Walk the trail and the WB&A's history is constantly underfoot, and overhead. The electric railway's original 33kV distribution line still parallels the path for most of its length - some sections active, some out of service, all of them following the same alignment the trains once used. The trail passes a major BG&E substation near Lanham, where the original distribution line gives way to a much larger transmission line. There are truss bridges, several tunnels, and a series of grade crossings that require trail users to stop. The longest bridge on the trail spans MD 197 west of Bowie. The trail surface is mostly asphalt, with parking lots at most major road crossings. Cyclists and walkers share the path, separated only by signage.
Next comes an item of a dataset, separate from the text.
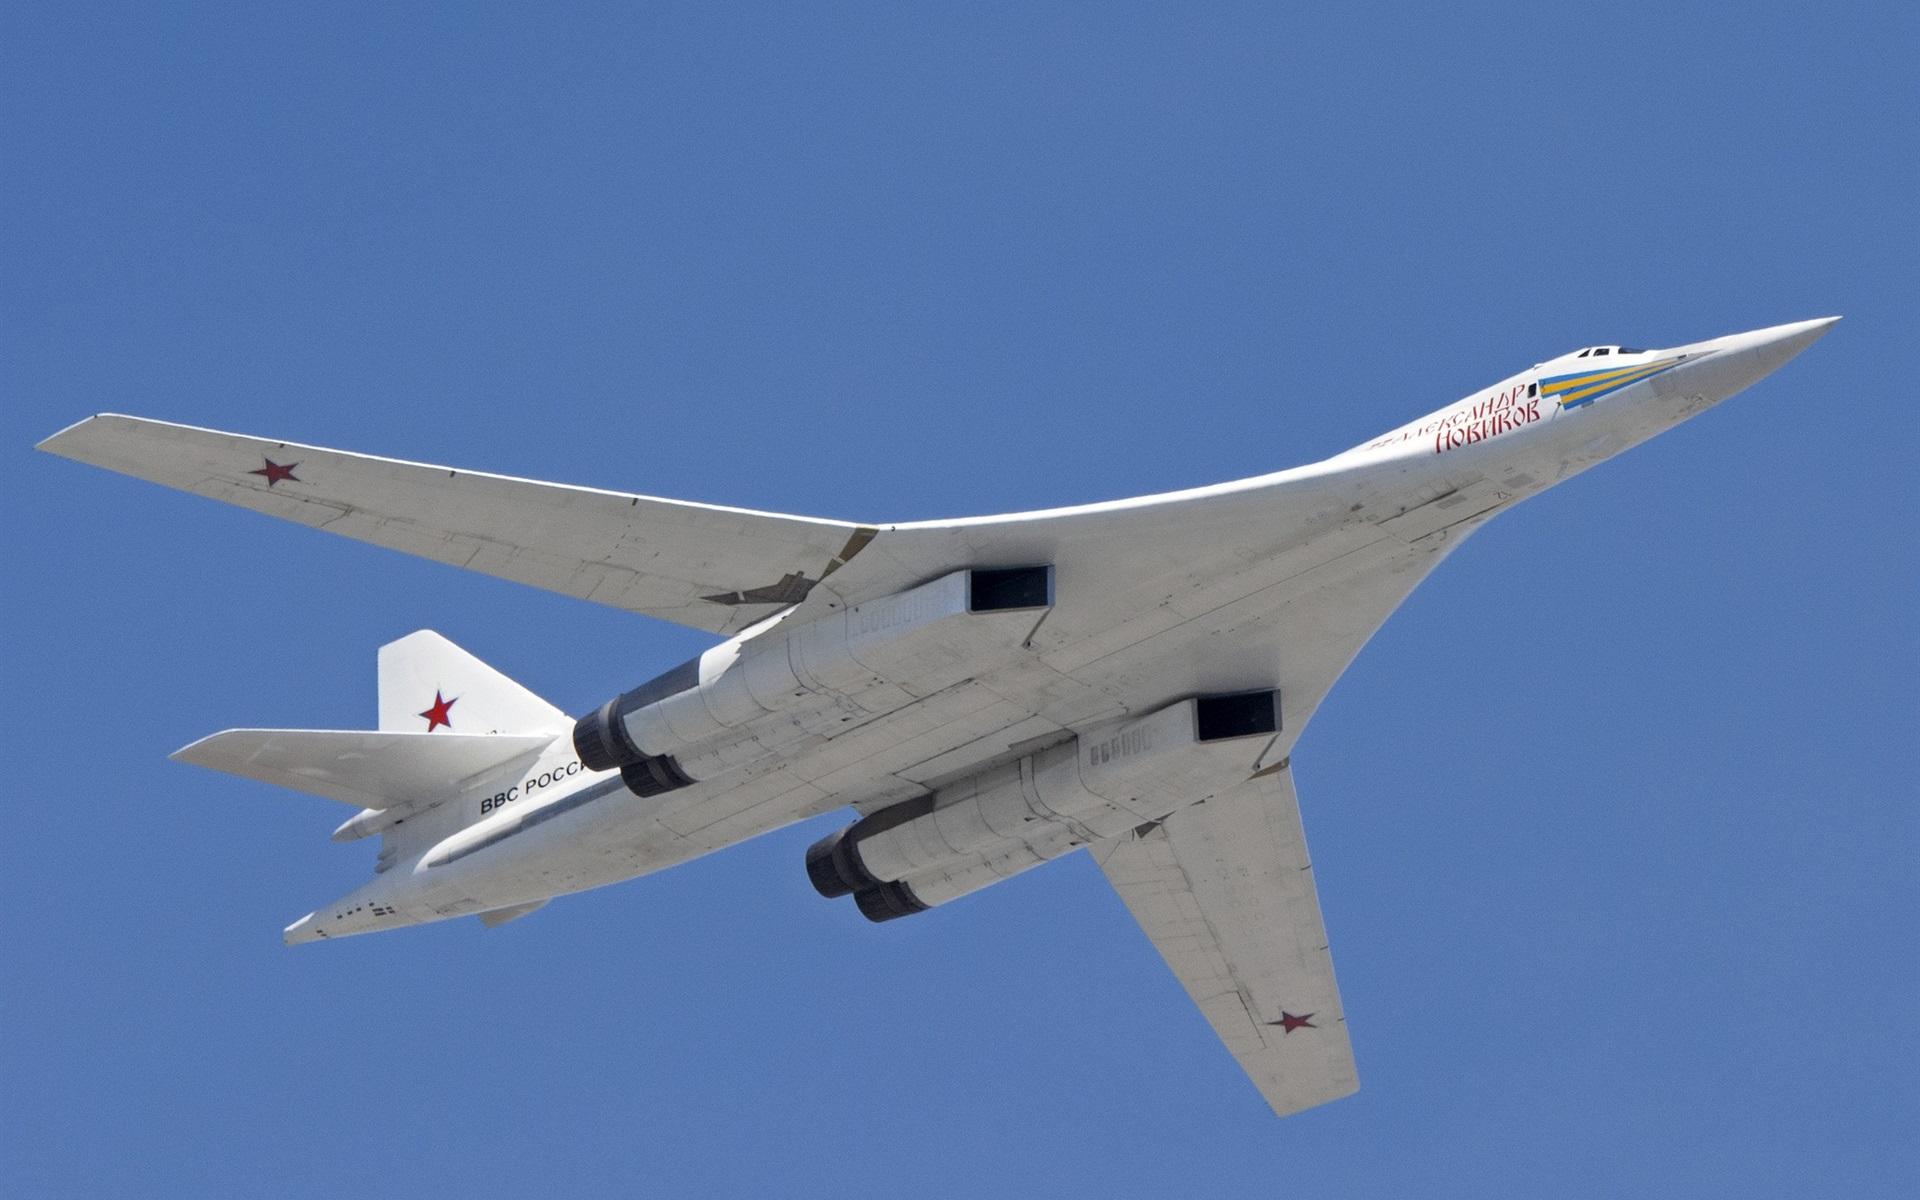 Tu 160 (航空機)の画像 p1_27

The whole route is now part of the East Coast Greenway, a planned 3,000-mile route from Calais, Maine to Key West, Florida, and the American Discovery Trail, which crosses the country from Delaware to San Francisco.

Future Connections

Phase IVb of the WB&A would extend a 2.06-mile spur from Strawberry Lake Way through the Odenton Natural Area and the grounds of Arundel High School and Middle School to connect with the South Shore Trail, which would in turn extend the route to Annapolis. Planning for that phase was completed in March 2024; construction has no schedule. The Bowie Heritage Trail would connect the WB&A to Bowie State University and the Bowie MARC station. A long-discussed extension northward, paralleling the road all the way to the BWI Trail, was included in the 1995 West County Trail Master Plan but dropped from the 2013 Anne Arundel County Bicycle and Pedestrian Master Plan; it returned in 2019 as a county feasibility study called the BWI to Odenton Trail. A southern extension along Maryland Route 704 to the Marvin Gaye Park Trail in Washington appears in both the 2009 and 2016 Prince George's County bike master plans. None has a confirmed construction date as of 2025. The full vision - a continuous rail-to-trail spine from D.C. to Baltimore to Annapolis, on the bones of the same railroad that connected them a century ago - remains a few decades and several funding cycles away.

From the Air

The WB&A Trail runs roughly southwest to northeast between Lanham, Maryland (38.97 N, 76.86 W) and Odenton, Maryland (39.07 N, 76.70 W). The trail passes through Glenn Dale, Bowie, and Piney Orchard, with its midpoint at the new bridge across the Patuxent River. The corridor sits well outside the inner Washington Flight Restricted Zone but within the surrounding Special Flight Rules Area. BWI Marshall (KBWI) is 10 miles north of the Odenton terminus. From altitude, the trail's BG&E transmission line right-of-way appears as a long, mostly straight green-and-brown strip threading northeast across Prince George's and Anne Arundel counties.